Все добро и все зло
Все добро и все зло
Ревнива каждая добродетель в отношении другой, а ревность – ужасная вещь. Даже добродетели могут погибнуть из-за ревности.
Кого окружает пламя ревности, тот обращает наконец, подобно скорпиону, отравленное жало на самого себя.
Поистине, люди дали себе все добро и все зло свое. Поистине, они не заимствовали и не находили его, оно не упало к ним, как глас с небес.
Если есть враг у вас, не платите ему за зло добром: ибо это пристыдило бы его. Напротив, докажите ему, что он сделал для вас нечто доброе.
Необыкновенна и бесполезна высшая добродетель, блестяща и кротка она в своем блеске: дарящая добродетель есть высшая добродетель.
Символы все – имена добра и зла: они ничего не выражают, они только подмигивают.
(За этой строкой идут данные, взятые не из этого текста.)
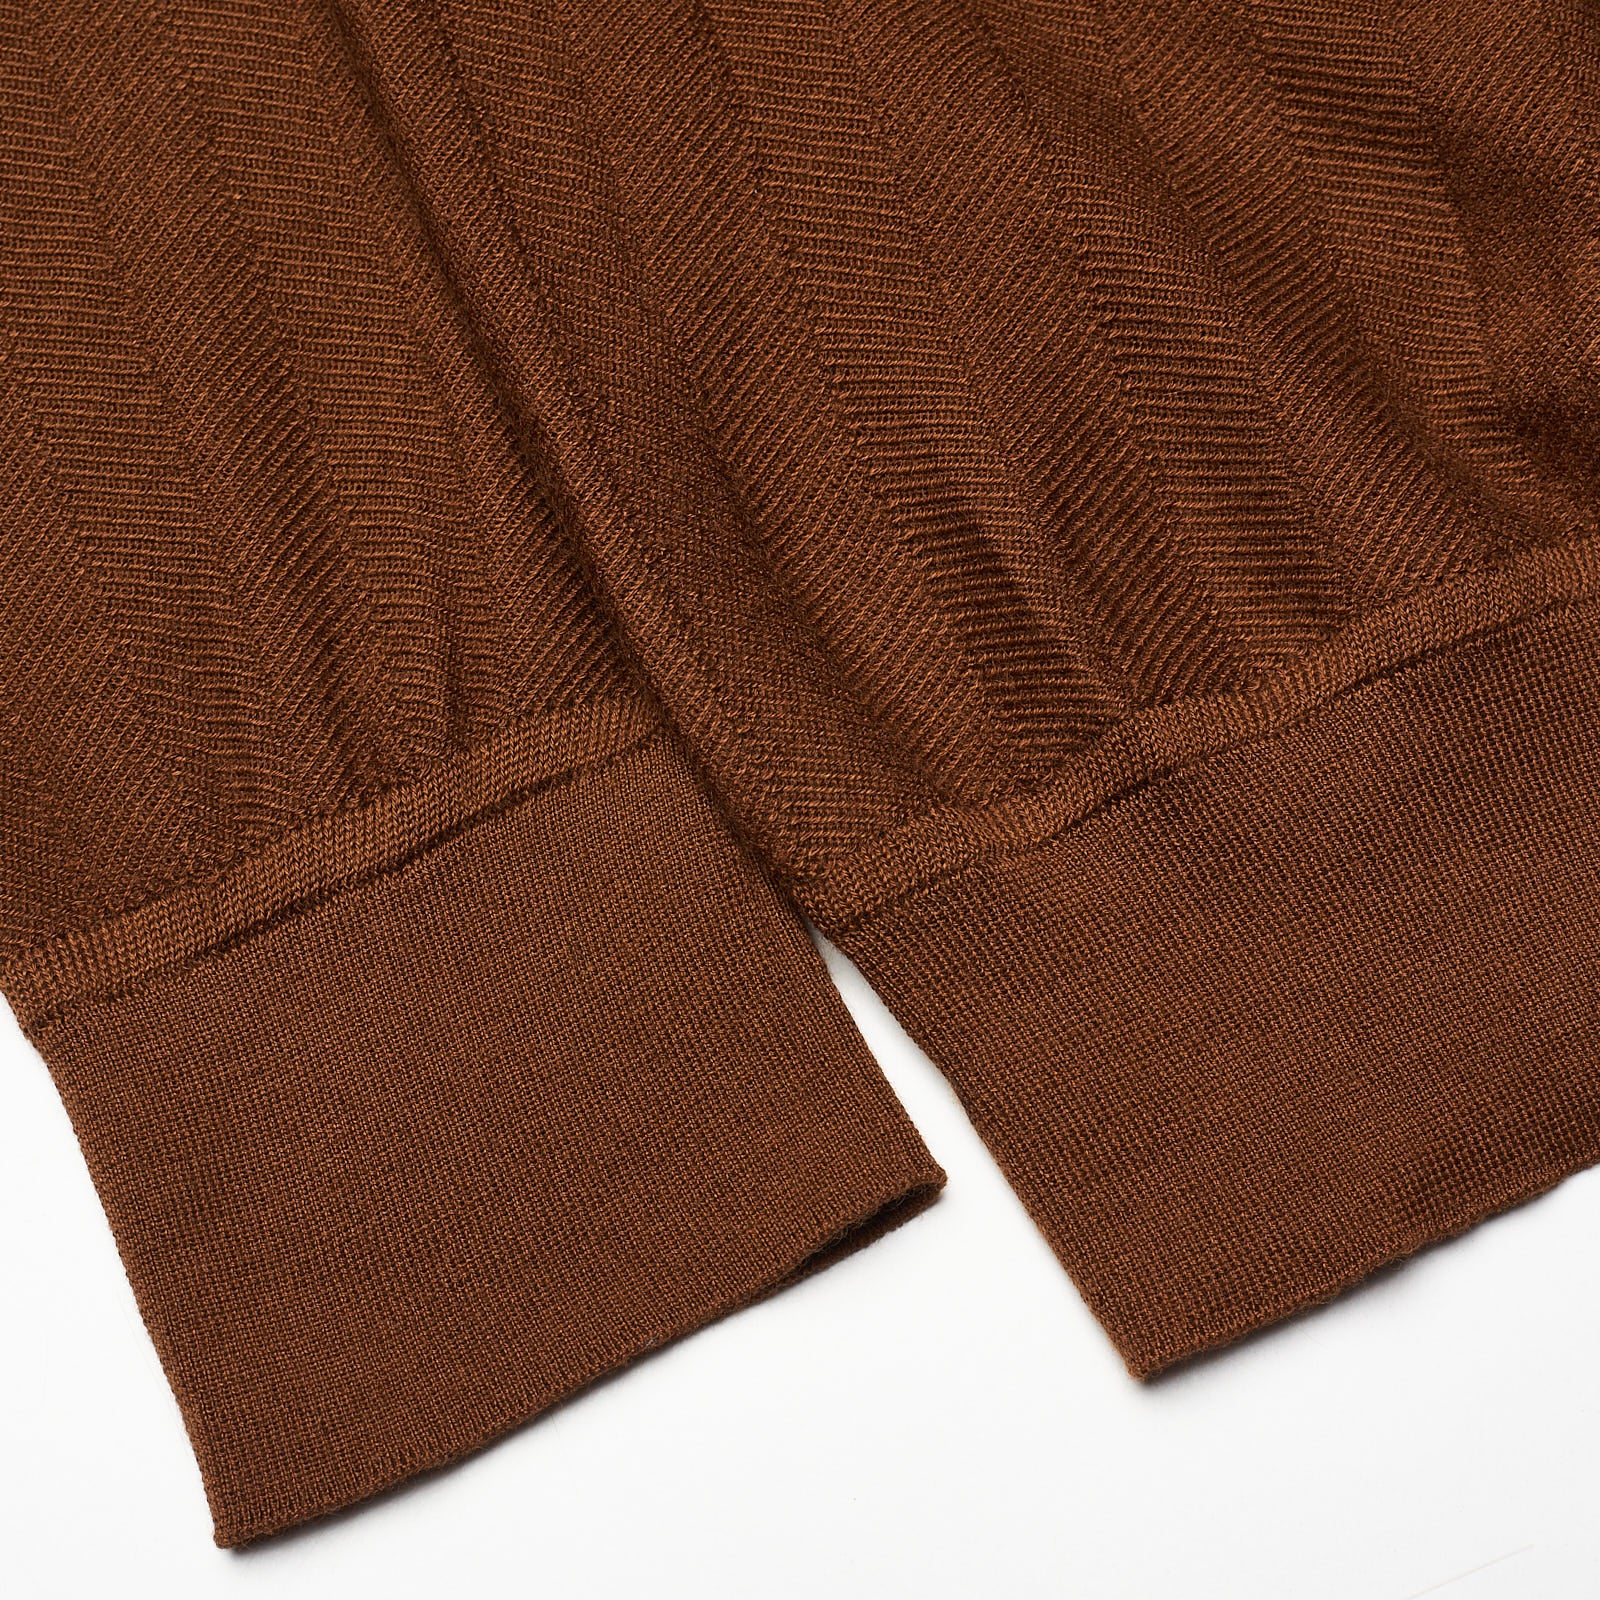 BERLUTI Paris Brown Herringbone Cashmere-Silk Knit Cardigan Sweater R50 NEW US M BERLUTI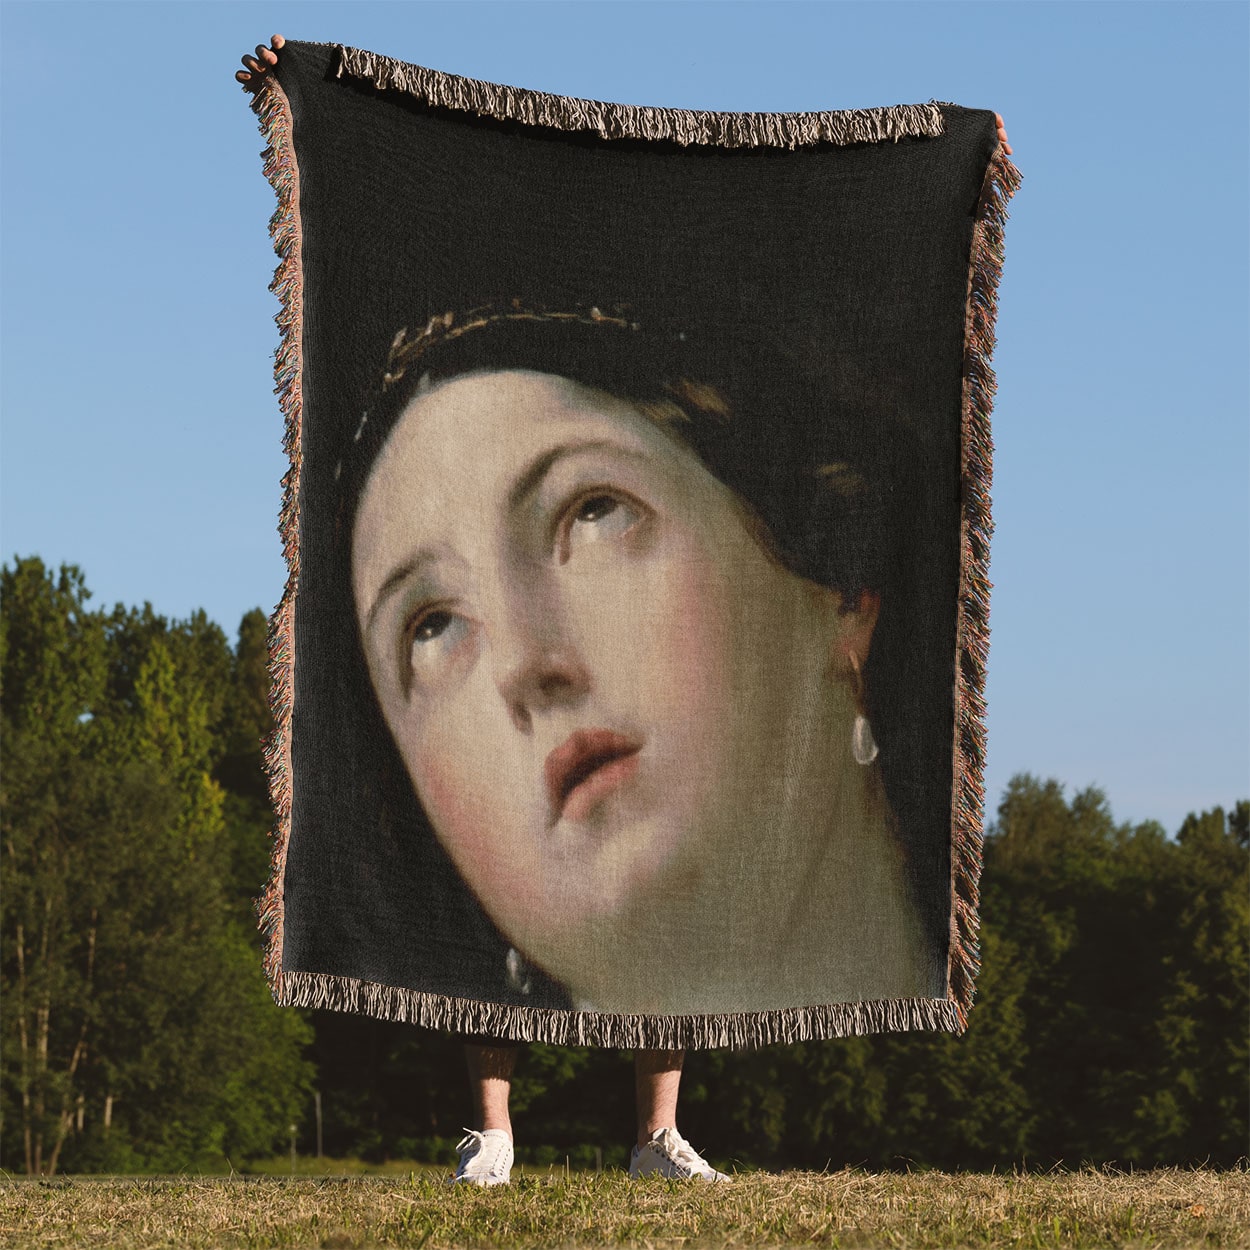 Moody Renaissance Portrait Woven Blanket Held on a Woman's Back Outside

Безумец тот, кто требует знания от них.
Когда ваше сердце бьется широко и полно, как бурный поток, который есть благо и опасность для живущих на берегу, – тогда зарождается ваша добродетель.
Когда вы возвысились над похвалою и порицанием и ваша воля, как воля любящего, хочет приказывать всем вещам, – тогда зарождается ваша добродетель.
Когда вы презираете удобство и мягкое ложе и можете ложиться недостаточно далеко от мягкотелых, – тогда зарождается ваша добродетель.
Не позволяйте вашей добродетели улетать от земного и биться крыльями о вечные стены!
Приводите улетевшую добродетель обратно к земле, – да, обратно к телу и жизни: чтобы дала она свой смысл земле, смысл человеческий!
Плохо отплачивает тот учителю, кто навсегда остается только учеником.
Но хуже всего мелкие мысли. Поистине, лучше уж совершить злое, чем подумать мелкое!
Радость мелкой злобы бережет нас от крупного злого дела.
Злое дело похоже на нарыв: оно зудит, и чешется, и нарывает, – оно говорит откровенно.
Вы любите вашу добродетель, как мать любит свое дитя; но когда же слыхано было, чтобы мать хотела платы за свою любовь?
Ваша добродетель – это самое дорогое ваше Само. В вас есть жажда кольца; чтобы снова достичь самого себя, для этого вертится и крутится каждое кольцо.
Почти все верят, что участвуют в добродетели; и все хотят по меньшей мере быть знатоком в «добре» и «зле».
Вашу волю и ваши ценности спустили вы на реку становления; старая воля к власти брезжит мне в том, во что верит народ как в добро и зло.
«Сострадание ко всем» было бы суровостью и тиранией по отношению к тебе, сударь мой сосед!
Великие эпохи нашей жизни наступают тогда, когда у нас является мужество переименовать наше злое в наше лучшее.
Люди наказываются сильнее всего за свои добродетели.
Фарисейство не есть вырождение доброго человека: напротив, изрядное количество его является скорее условием всякого благоденствия.
То, что в данное время считается злом, обыкновенно есть несвоевременный отзвук того, что некогда считалось добром, – атавизм старейшего идеала.
Все, что делается из любви, совершается всегда по ту сторону добра и зла.
Должно отплачивать за добро и за зло, но почему именно тому лицу, которое нам сделало добро или зло?
Бывает заносчивость доброты, имеющая вид злобы.
Самое крошечное счастье, если только оно непрерывно и делает человека счастливым, конечно, есть несравненно большее счастье, чем величайшее счастье, которое появляется только как эпизод или, так сказать, как мимолетное настроение, как безумный каприз среди постоянных страданий, страстей и лишений.
Как для самого маленького, так и для самого большого счастья существует только одно условие, которое делает счастье счастьем: способность забвения.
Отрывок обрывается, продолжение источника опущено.